By default, any API calls that support pagination will be given a paginated limit of 25. In other words, if your API call doesn't specify how many records it wants back, it will get back 25 records at most. Cloud CMS does this to help protect against code that errantly forgets to include pagination in cases where you have very large record sets. Very large record sets implies lots of time to execute, lots of memory consumed and so on.

gitana.api.pagination.limit.default=25

Be on the safe side and specify a limit in your paginated calls.

In addition, Cloud CMS will enforce a maximum pagination limit of 1000. If you try to retrieve more than 1000 records in a result set, your result will be capped. We cap this at 1000 by default though you're free to change this in your own Docker installations to suit your needs:

gitana.api.pagination.limit.max=1000

If you need to retrieve more than 1000 results, we recommend making multiple calls to paginate through the total set using the limit and skip options. See our documentation on Pagination.

Clustering

Each API server that spins up supports clustering. When an API server comes online, it searches for other API servers that might be out there and part of the same cluster. If it finds any, it connects to them and redistributes any cache state to balance out the cluster.

Similarly, if a Cloud CMS API server goes offline, the other servers in the cluster become aware and re-balance as needed. In this way, a Cloud CMS API cluster is an ephemeral thing - servers may join and leave the cluster as demand increases or falls away.

Every API server, regardless of whether you intend it to participate in a multi-server cluster or not, requires that you provide a cluster.group.name and a cluster.group.password:

cluster.group.name=
cluster.group.password=

You can set these to anything you like. However, if you do intend to have other API servers join the cluster, they will also need to specify the same cluster.group.name and cluster.group.password.

When Cloud CMS starts up, it will bind a port that it will use to communicate with other cluster members (should they come along). As mentioned, even if your cluster is just size 1, you will need to bind this port.

cluster.port=5800

The default port is 5800 if you don't otherwise specify it. This means that any other API servers can communicate with this API server instance on port 5800.

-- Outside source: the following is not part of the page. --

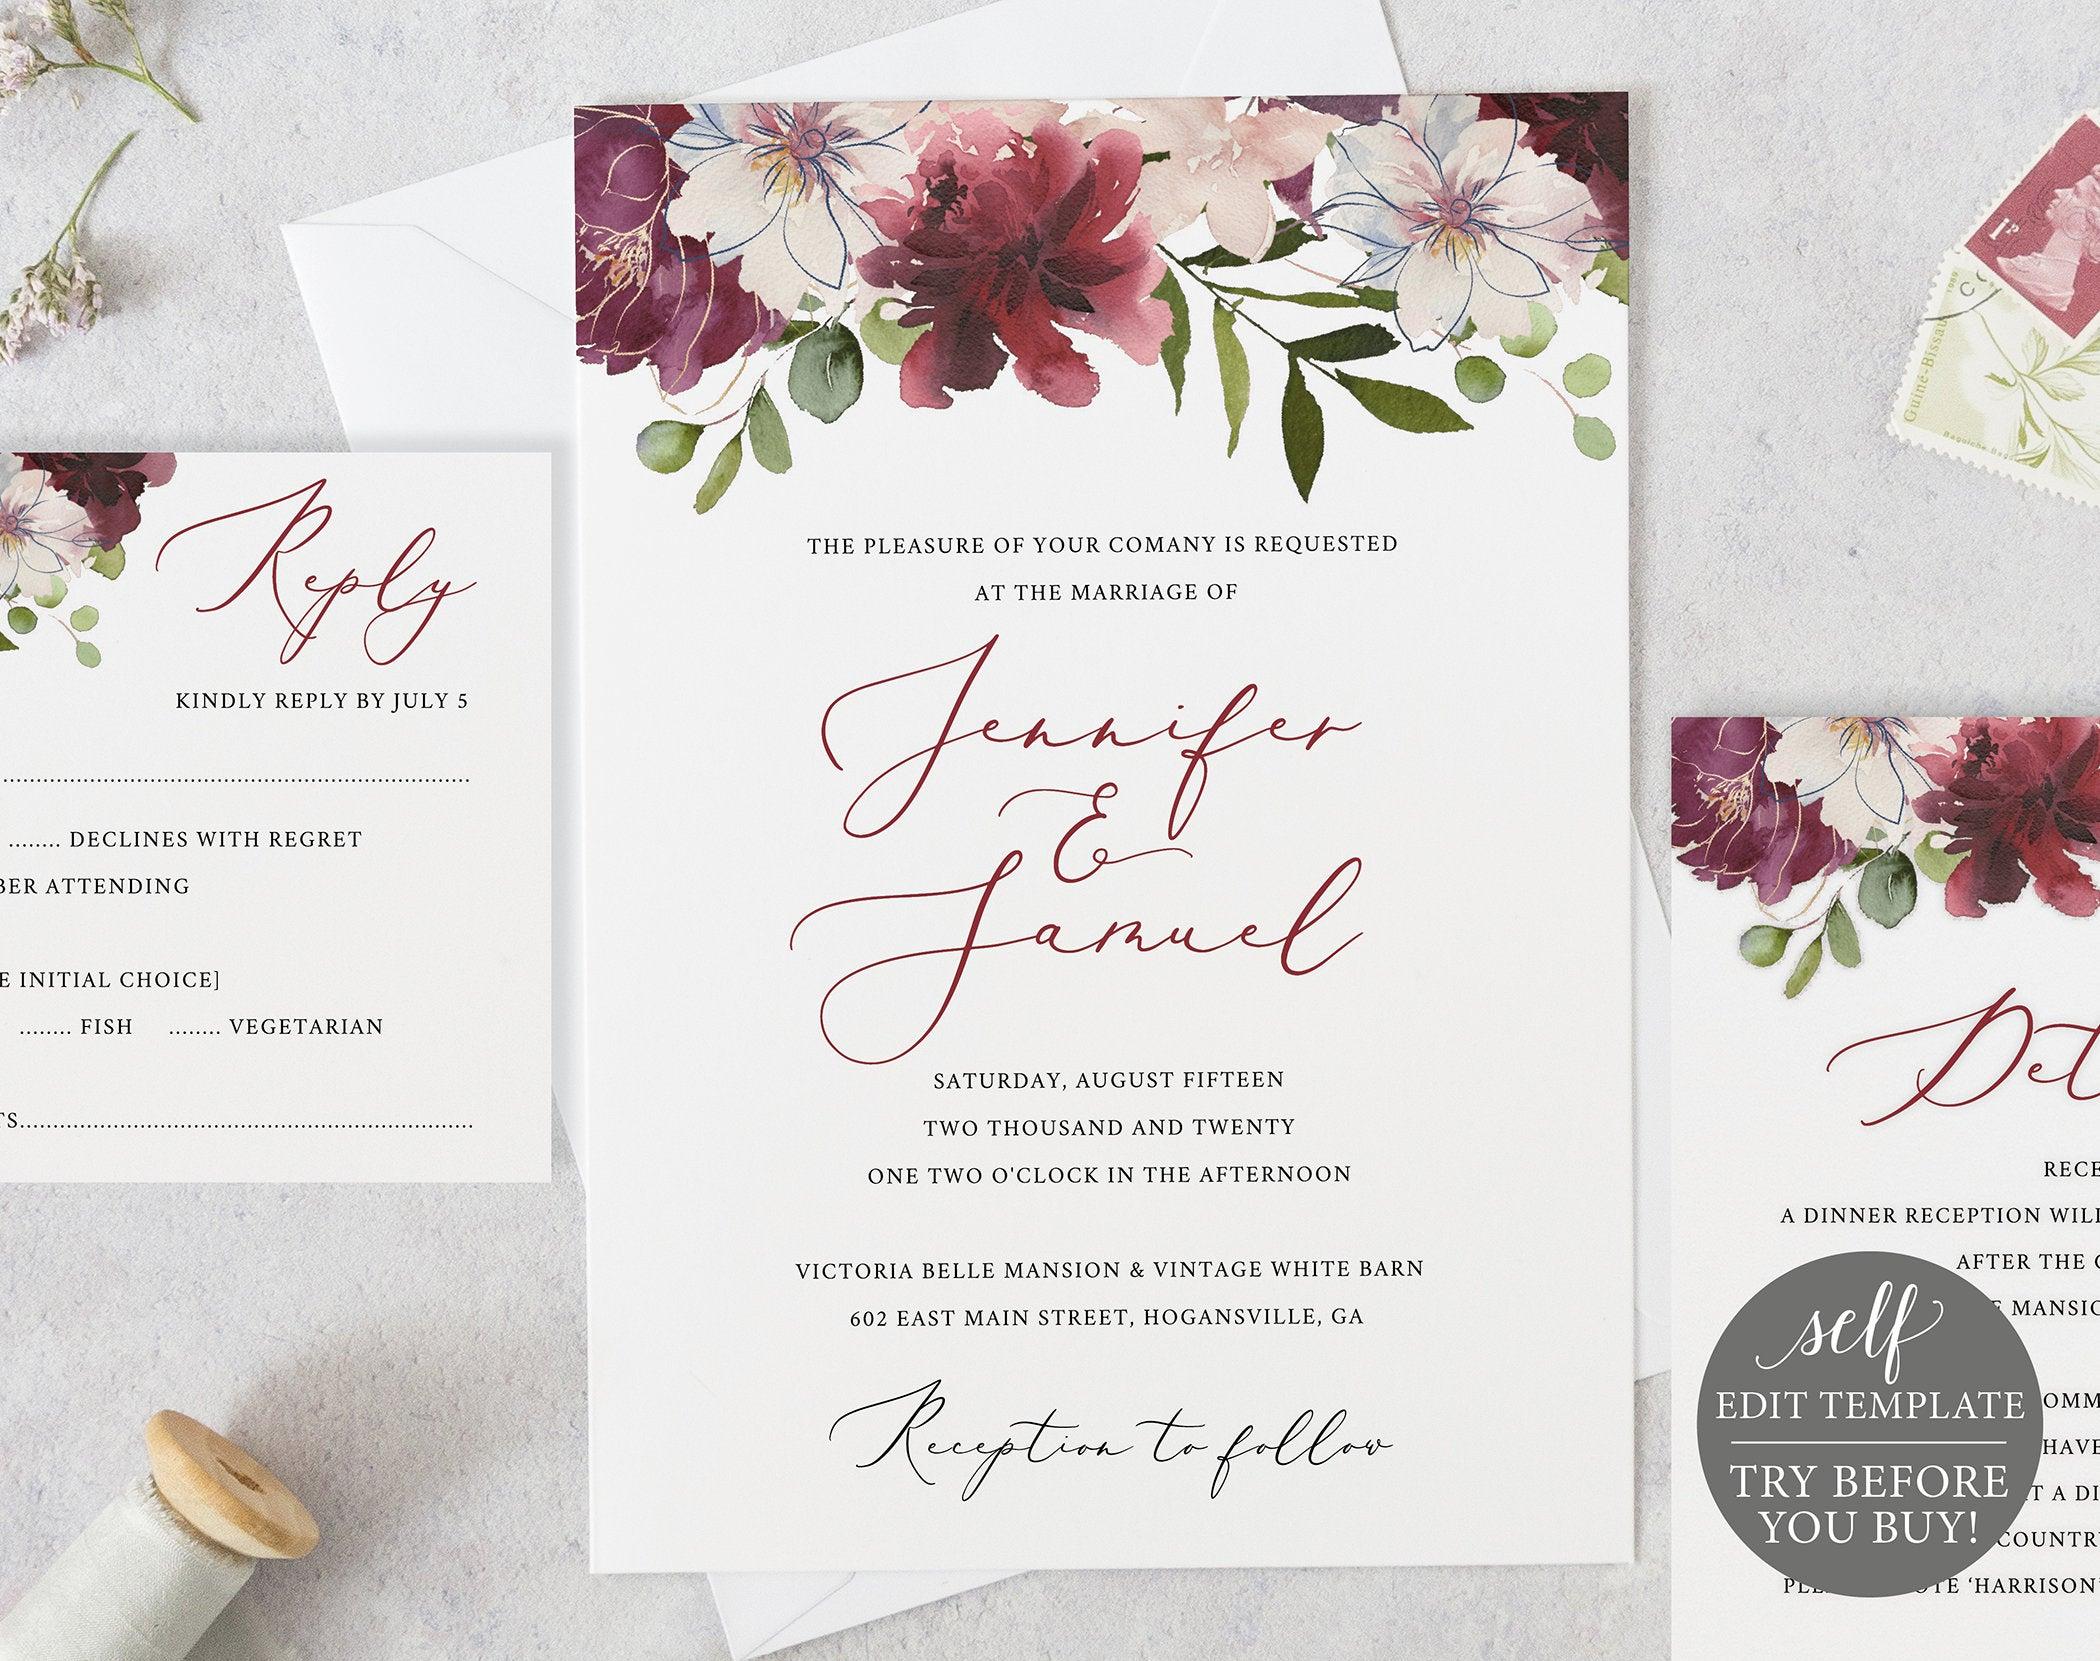 wedding invitation editable templates • business template

Cloud CMS will assume the IP address of the first network interface it spots. In most cases, this will resolve to localhost or 127.0.0.1 for development or simple server configurations. For more complex configurations where you may have multiple network interfaces, you can specify which interface(s) should be considered via the following configuration:

cluster.interfaces.enabled=true
cluster.interfaces.interface=

The cluster.interfaces.interface property can either be the IP address of the interface or a comma-delimited value of multiple interfaces to consider in order.

Note that the use of interfaces applies most specifically when using multicast or tcpip discovery providers. For other provider types, such as aws or zookeeper, you will likely not need to bother with this.

In cloud deployment scenarios, where containers are distributed across multiple hosts (and across availability zones), you will need to provide a publicly accessible IP address per server instance. This public-address is an IP address which other Cloud CMS API Servers can use to connect to -this- API server.

cluster.public-address=

The public address identifies the public IP address of the box as seen by the outside world. If you have two EC2 instances, with IP addresses 12.34.56.788 and 12.34.56.789, each box will have a slightly different configuration with cluster.public-address=12.34.56.788 for the first box and cluster.public-address=12.34.56.789 for the second.

Suppose box #1 comes online first. It will bind to 12.34.56.788:5800. Now suppose that box #2 comes online. It will bind to 12.34.56.789:5800. If configured properly, it will then call out to try to find other boxes that are members of the same cluster. It will find the first box and connect to it on 12.34.56.788.

Thus, the public address is important as it establishes an IP address that the outside world can use to connect to your API server. This IP address must be publicly accessible.

If you're configuring this and get stuck, use Telnet to make sure that your cluster port can be connected to. It must be available from one API server to the other.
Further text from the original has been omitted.